SW Radio Africa news - The Independent Voice of Zimbabwe

Advocacy group claims enough evidence to prosecute Mugabe


By Alex Bell
10 December 2009

A leading advocacy group has this week announced it has enough evidence to warrant the prosecution of Robert Mugabe and members of his ZANU PF party for crimes against humanity.

This evidence, including more than 70 sworn affidavits of survivors and witnesses of systematic rape campaigns led by ZANU PF in 2008, is detailed in a hard hitting report by AIDS-Free World, an advocacy group based in America. The 64 page report (Electing to Rape: Sexual Terror in Mugabe’s Zimbabwe) documents 380 rapes committed by 241 perpetrators, all ZANU PF members who identified themselves to their victims. All the women targeted in the attacks were supporters of Morgan Tsvangirai’s MDC party, during last year’s turbulent election period which saw ZANU PF unleash violent attacks on MDC supporters.

Co-director of AIDS-Free World, and a former United Nations special envoy on HIV/AIDS, Stephen Lewis, told SW Radio Africa that the evidence contained in the report is ‘incontrovertible’ and ‘unassailable’.

“Mugabe believes he can sanction rape without fear of consequences and he has used this tactic as a weapon to successfully stay in power,” Lewis explained on Thursday. “Zimbabwe, for this reason, is the biggest test for ending impunity for crimes against humanity.”

The report details how the rape campaign unleashed on the country’s female opposition supporters, and often their children, was both widespread and systematic with recurring patterns, which Lewis explained cannot be coincidental. This includes the uniform physical and emotional brutality of the rapes, the modes of detention and even location of the rapes, the specific types of beatings, and the consistent refusal by the police to investigate the attacks. Some women were forced to watch the rape of their daughters and murder of their husbands and other family members before or after they were raped. Other women were held as sex slaves in ZANU PF camps for weeks at a time.

“There has never before been cases that are so implicitly linked to political affiliation, cases that are so clearly systematic and planned to be a campaign in political brutality,” Lewis explained.

The report states that the ZANU PF government was well aware of the rape campaign that, along with the election violence, was masterminded by the Joint Operations Command (JOC). The report goes on to detail Mugabe’s own complicity in the rapes, explaining how the ageing dictator not only knew about the campaign, but also refused to prevent it or punish those responsible.

“This combination of knowledge, the refusal to prevent, and the failure to punish the widespread political rape requires that Robert Mugabe and members of the JOC should be investigated and prosecuted for their individual criminal liability for the rapes,” the report reads.

Lewis explained on Thursday that Zimbabwe’s police service and justice system is so seriously compromised that such a legal endeavour would not be possible within the country, highlighting the severe limitations of legal accountability in Zimbabwe. He said other alternative routes would have to be followed and that the international community has a crucial role to play. South Africa in particular could be a significant player, as it is a ratified member of the International Criminal Court (ICC), and could try perpetrators of serious international crimes if they entered the country.

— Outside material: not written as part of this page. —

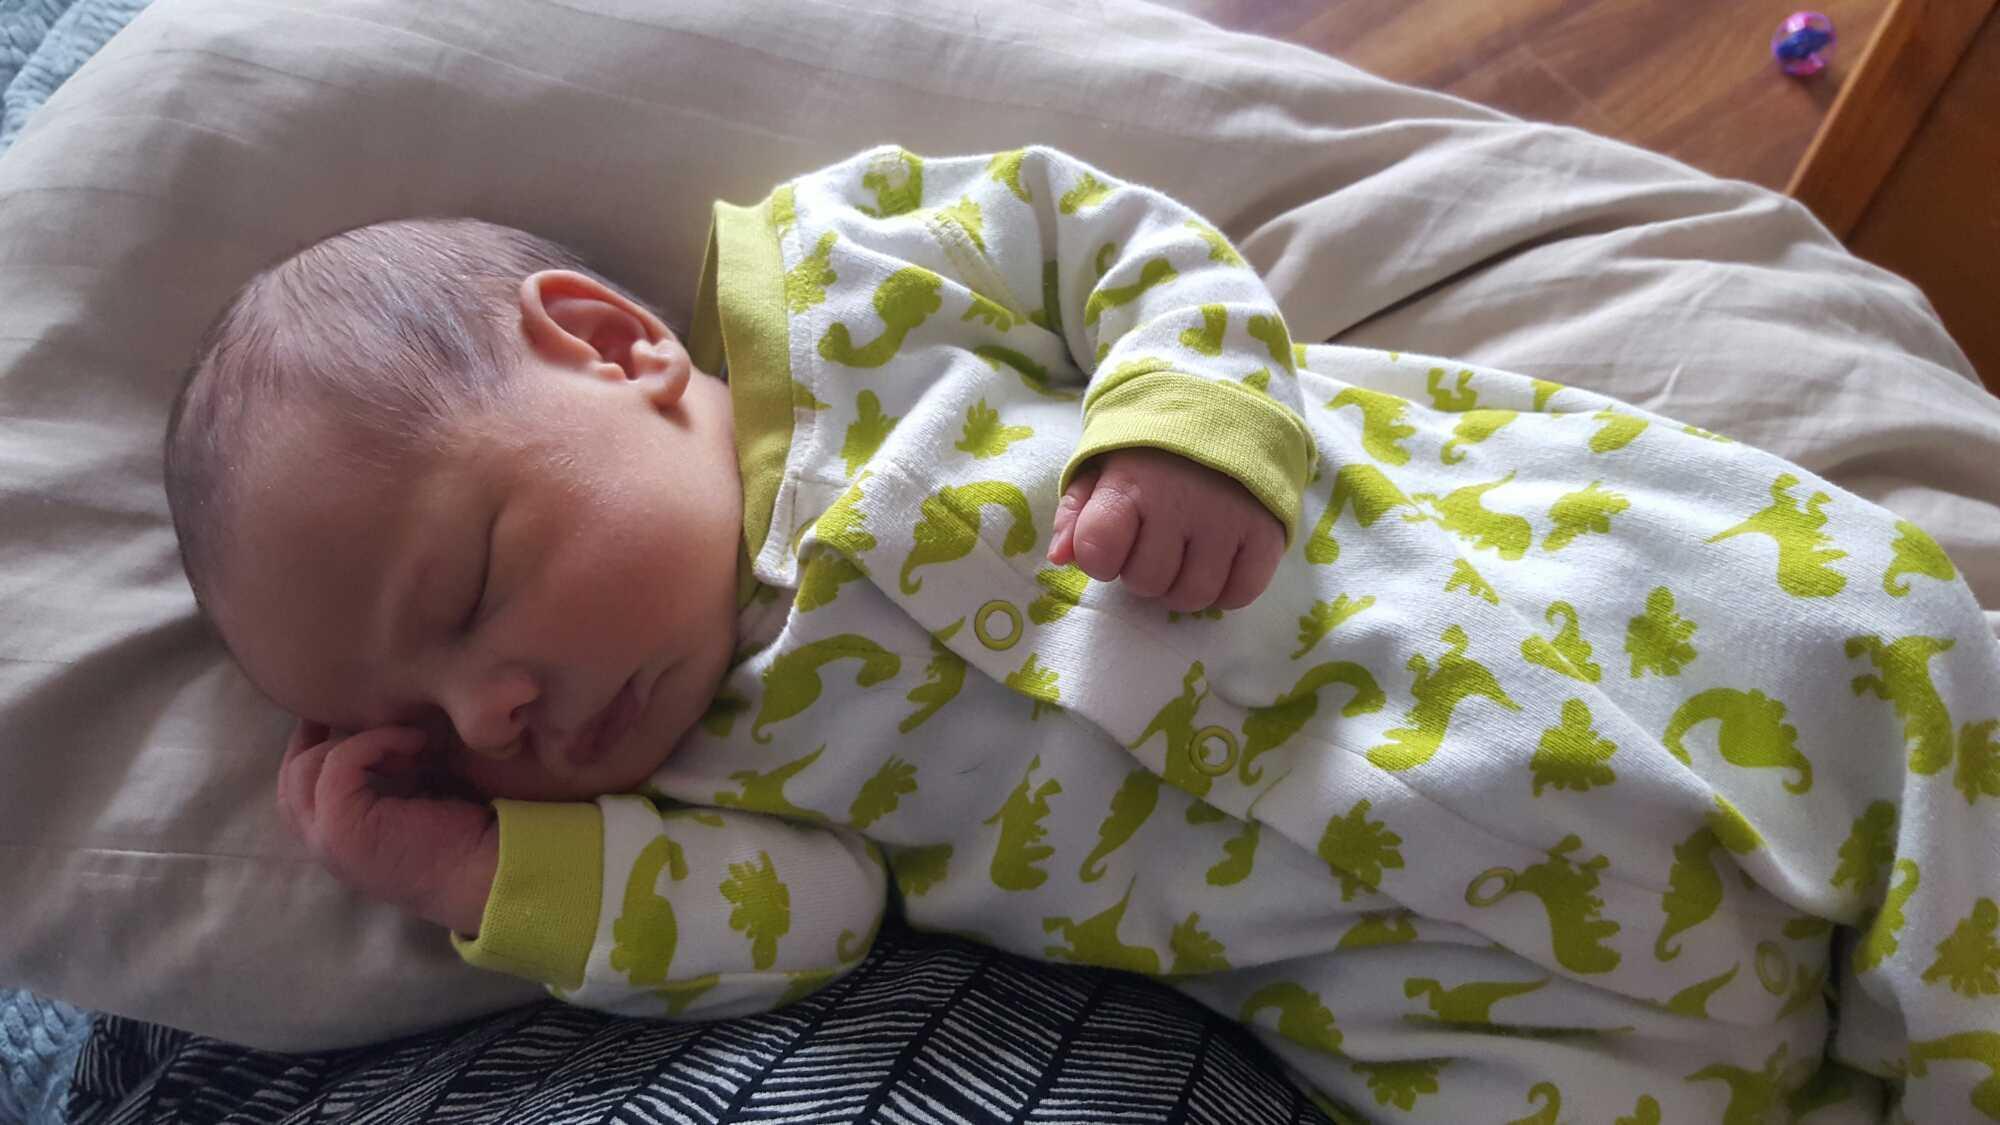 Breastfeeding, issues, lactation consultant, nursing, newborn
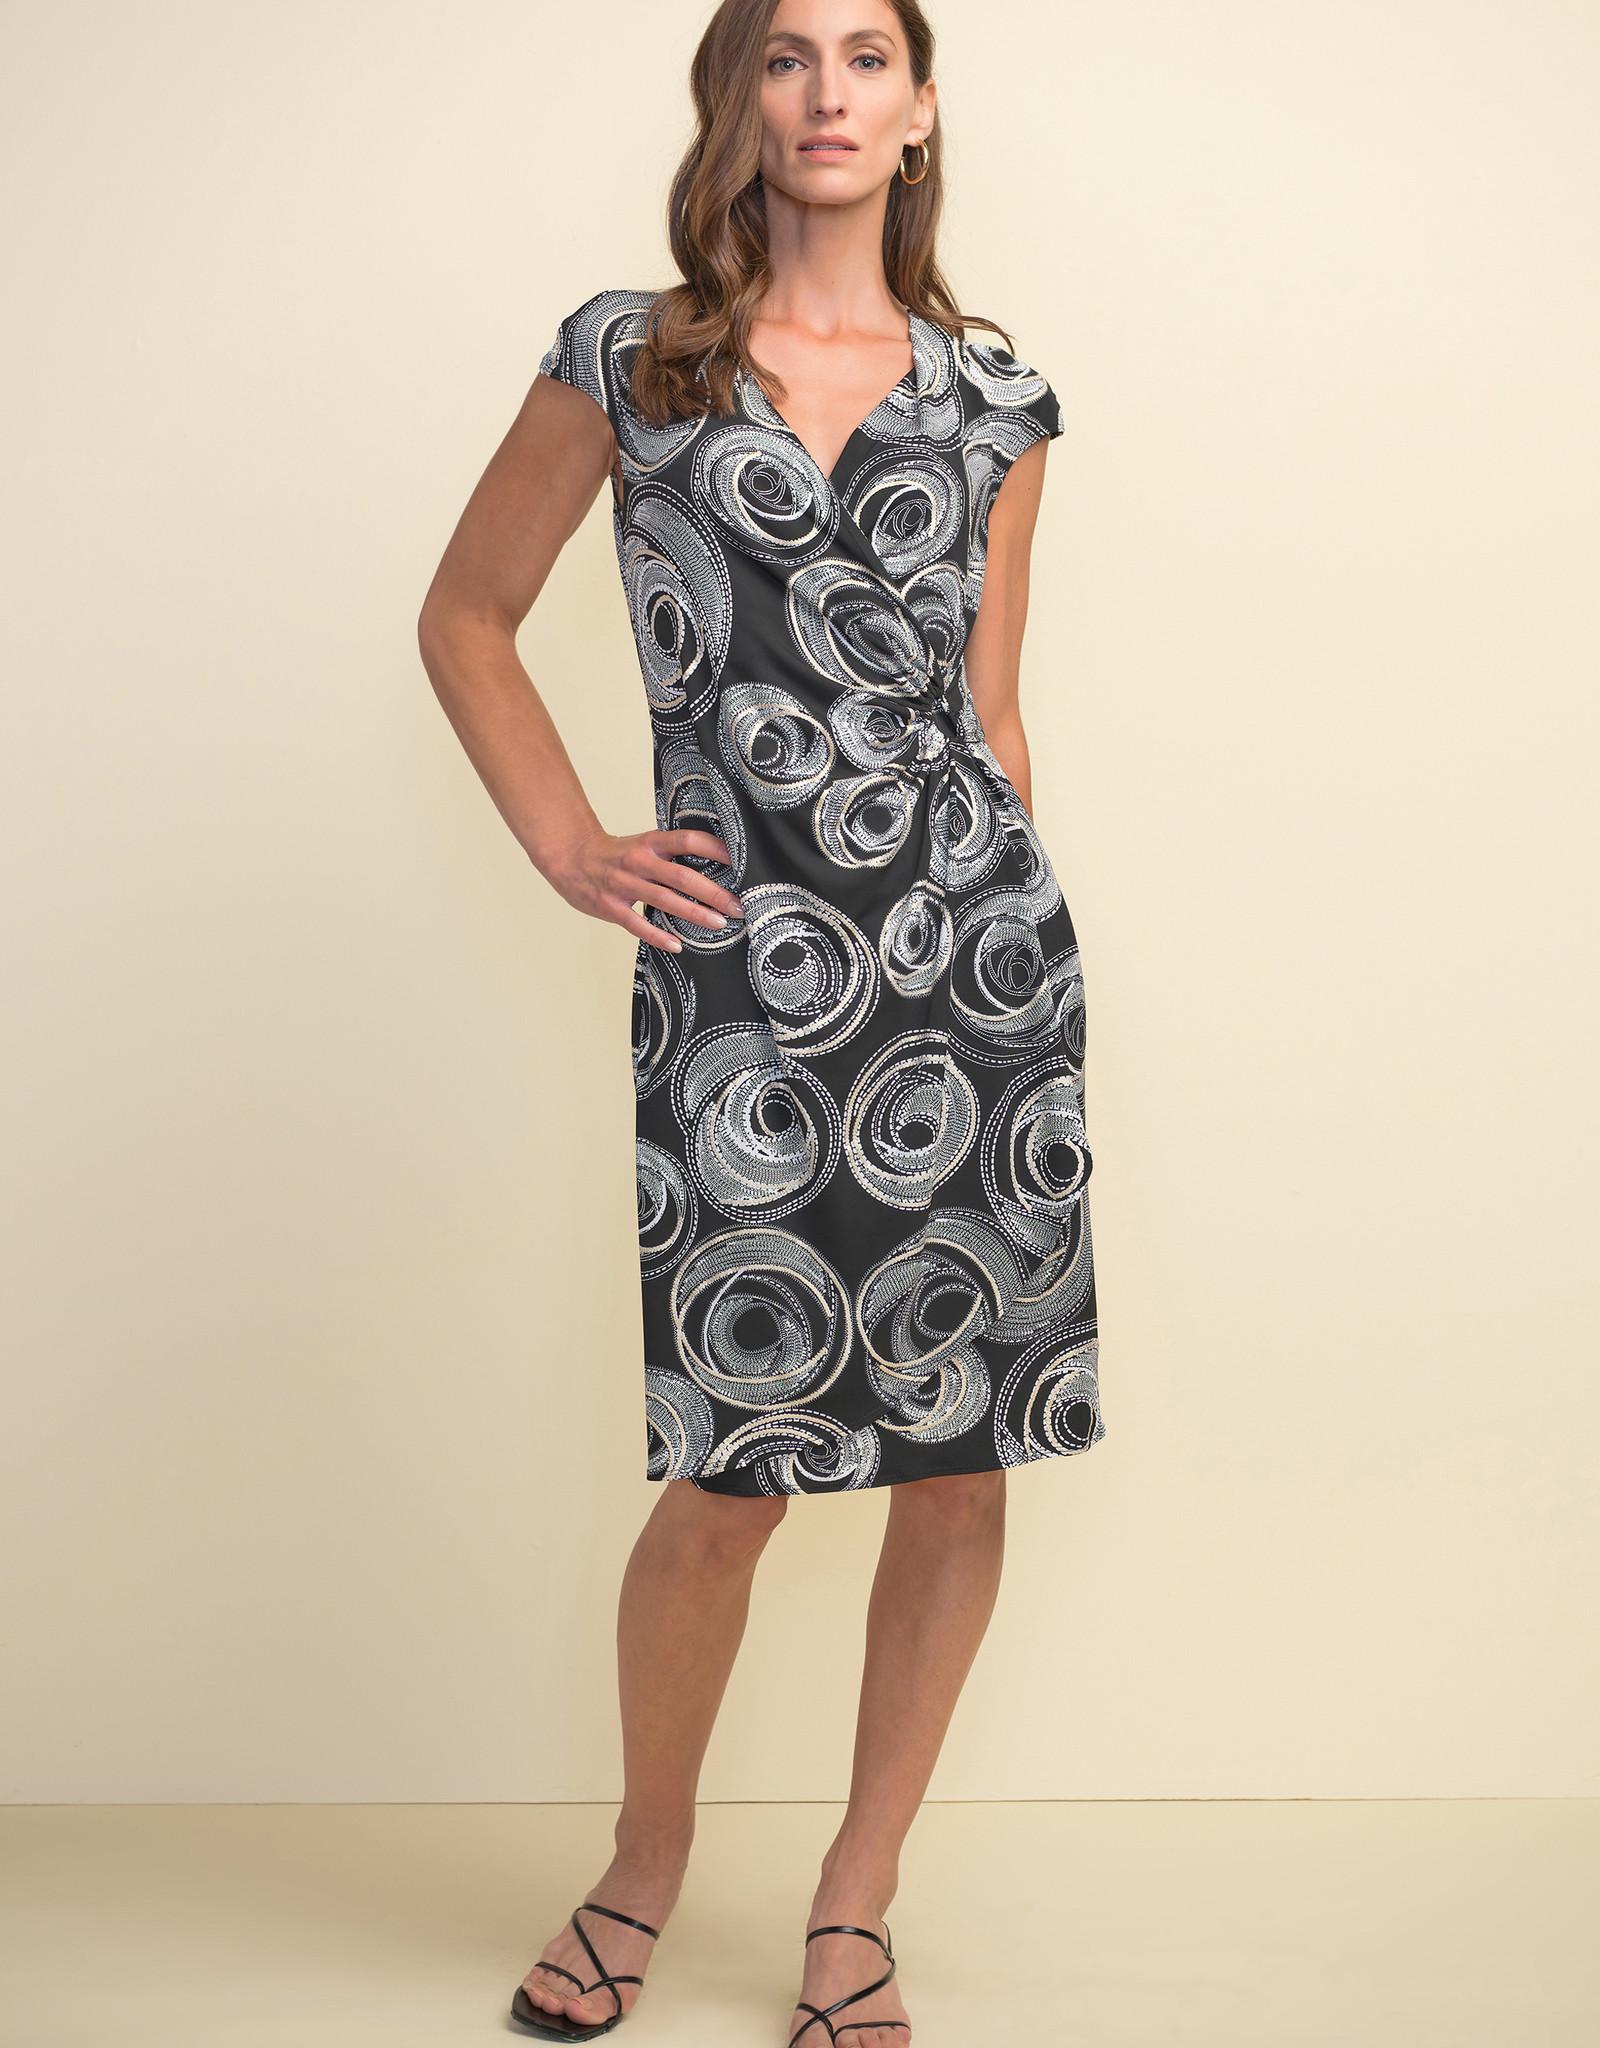 Joseph Ribkoff Joseph Ribkoff 211245 Faux Wrap Dress with Cap Sleeves

“There is also a responsibility on the Southern African Development Community (SADC) as a whole, and it is high time they put their foot down and stopped allowing Mugabe’s impunity,” Lewis said.

Lewis however expressed his concern that these cases will be overlooked, given SADC’s known policy of quiet support for Mugabe. He said the ramifications of this will be widespread. He explained that not only will such an oversight signal the “fundamental disintegration of moral society in Zimbabwe,” but it will also threaten the “moral integrity of the entire southern part of Africa.”

“These are women and children whose lives have been ruined. This is not some trifling little matter, this is overwhelming,” Lewis said. “There is a vital responsibility for international and regional intervention in this case.”